One of the biggest challenges of building the XML site map is matching the alternative URL’s to each other. Currently, we have been able to account for 37 of the 50 or so most common problems associated with correctly building the files. The following are some of the formats we have sorted out and you need to understand the format you are using.
Syntax 1 – Standard Country Code/Language Code Syntax – this is the most common where your UK site is managed under www.mydomain.com/en/uk/ or uk/en type structure and this is uniform across the counties. This can also work for those that use /en-uk/ structures.
Questions: Does this format match for all countries? If you have different placements by country we will have to work with you to organize the initial load.
Syntax 2 – Country Code but Non Local Language – a big problem is that many tools want to force the local language pairing for a country but what happens when you have a site for Norway but the content is in English? Most tools would assign /no/no/ to these URL’s but it actually needs to be created as /no/en – our tool allows you to map a unique country site but set the language to English.
Syntax 3 – Global Language Version – this is the case where you do not use country designators but have common languages. For example, if you use a /es version for “any” Spanish speaking countries then we can set it as “Global Spanish.” You can do this by selecting the global language related to the site.
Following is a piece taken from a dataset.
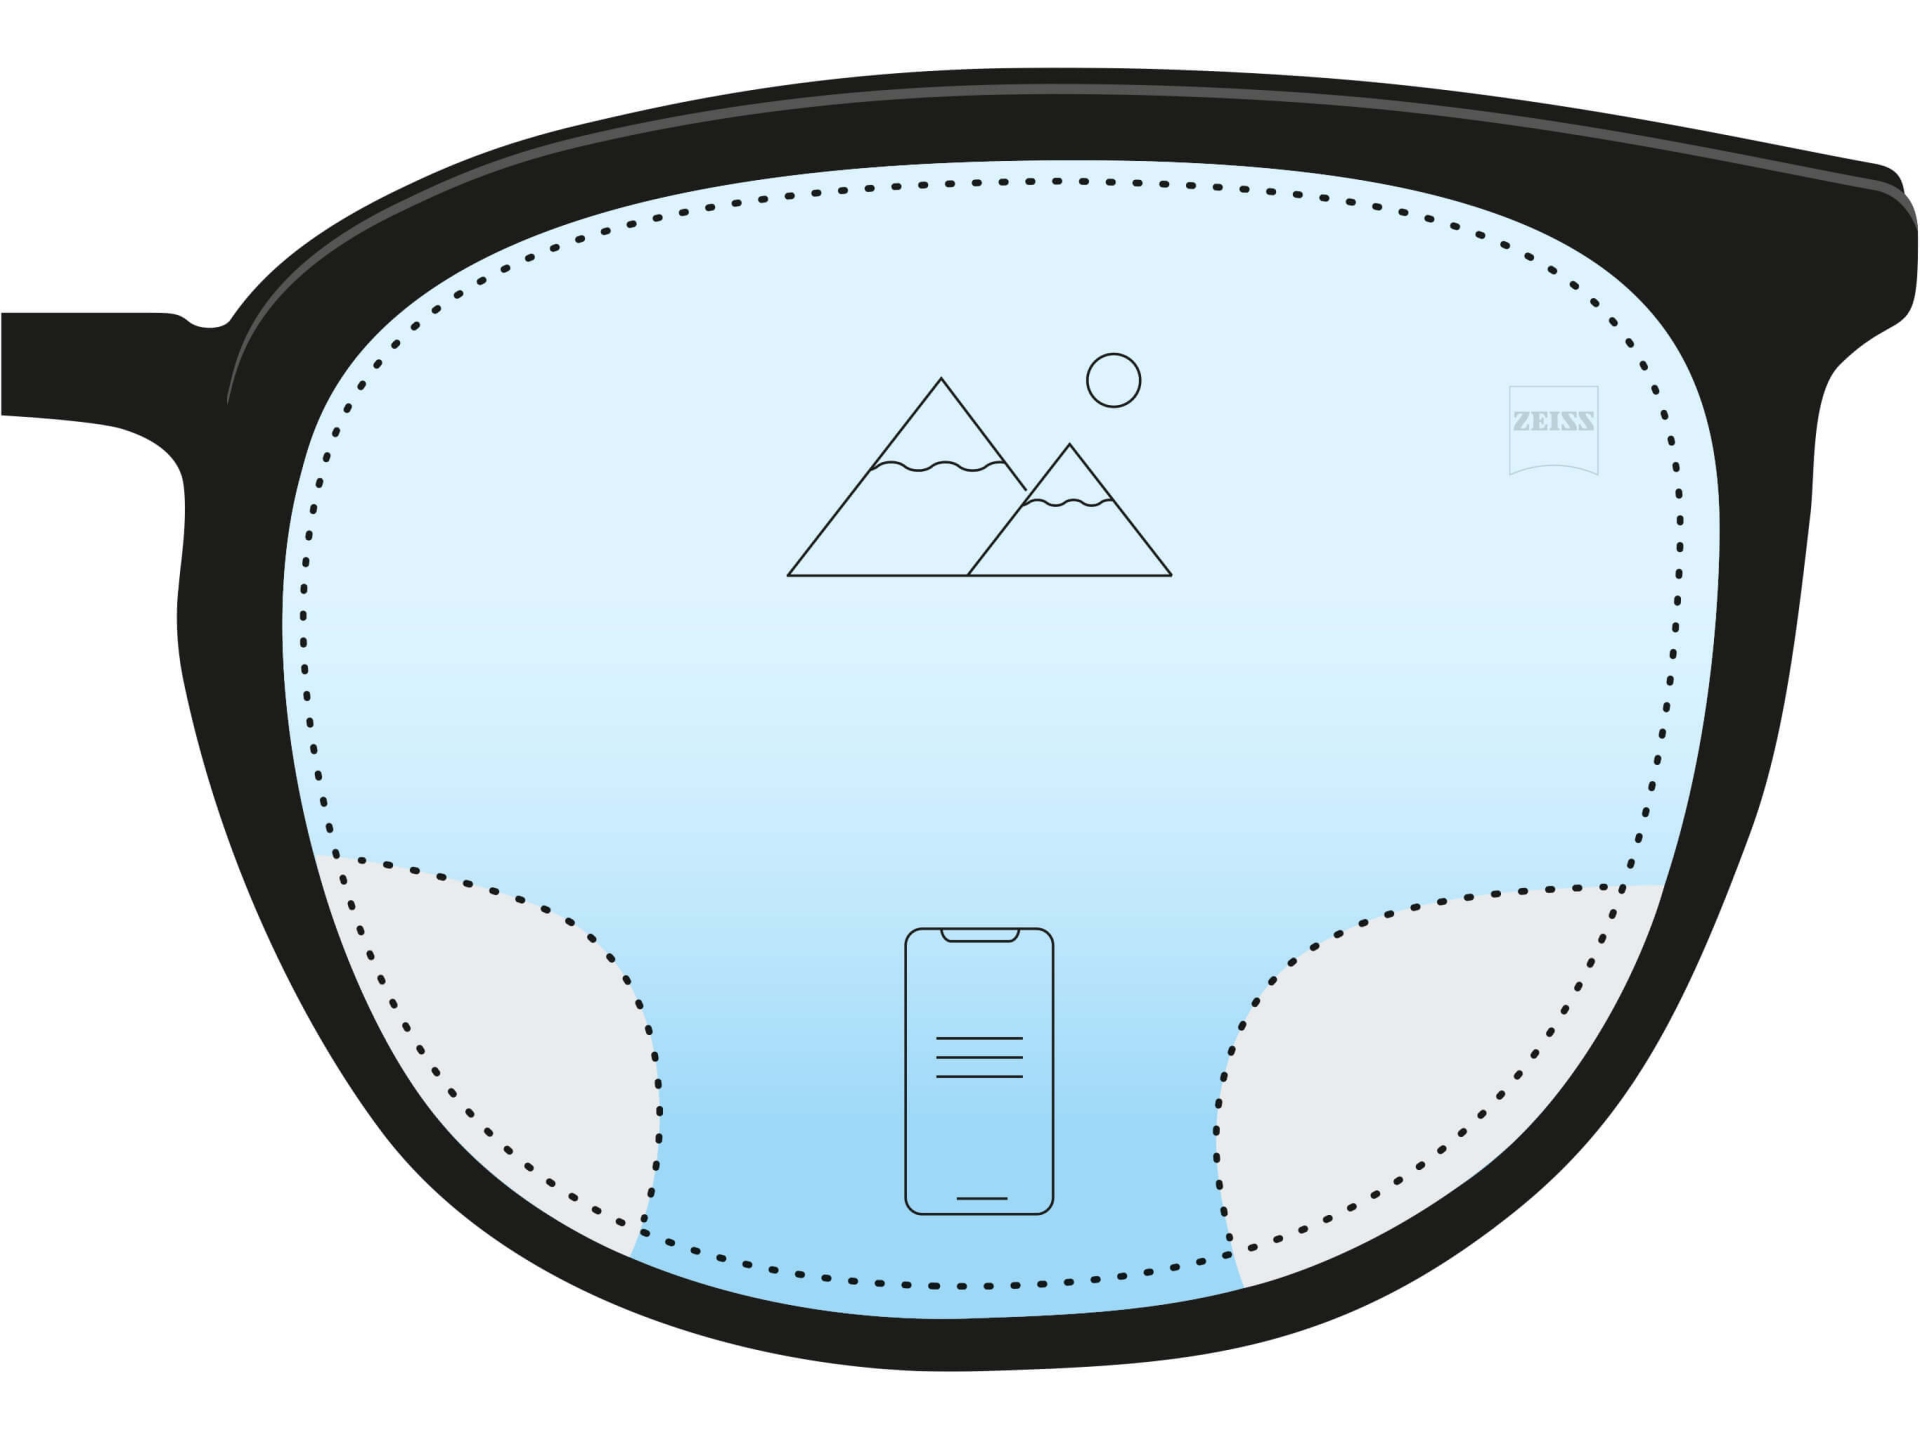 An illustration of an anti-fatigue lens. Two icons and a colour gradient from dark blue at the bottom to light blue at the top indicate that the biggest area of the lens has a distance prescription, but that there is a small area at the bottom that helps with close up vision.

Syntax 4 – Regional Language Versions – while we know there is no country called LATAM or APAC many sites do this for their regional Spanish or English sites. These are often mapped as /latam/ or /apac/en/ so this makes it hard to map these. We have built-in detectors for you to find URL’s with /apac and then assign them to a single or multiple countries in the region. For more information please review Using HREFLang for Regional Sites.
Syntax 5 – Non-Standard Folders and Country Codes – we have encountered a number of multinationals that have a business unit or product folders before the country and language designators. For example www.bigglobalco.com/business_unit/us/en. For this syntax, we have developed a “Regex” element that allows you to tell the too where your country and language elements are located.
Syntax 6 – Language or Country Parameters – unfortunately, if you are using a top-level domain and language or country parameters to designate the pages for each country or language we are not able to build an HREF for these pages as they most likely are not unique pages. A number of sites use Java plugins that “replace” local language elements but use the same base URL.
Syntax 7 – Default Language – If you have a global site that is not associated to any country or language or if you use IP detection you can set any version of the site to be the default version. Using the x=default option we can tell the search engines this is the version to show when there is not a designated local version.
Custome Syntax – Custom Setup – If you have a global site that has a number of different formats we can set a custom regex and map it.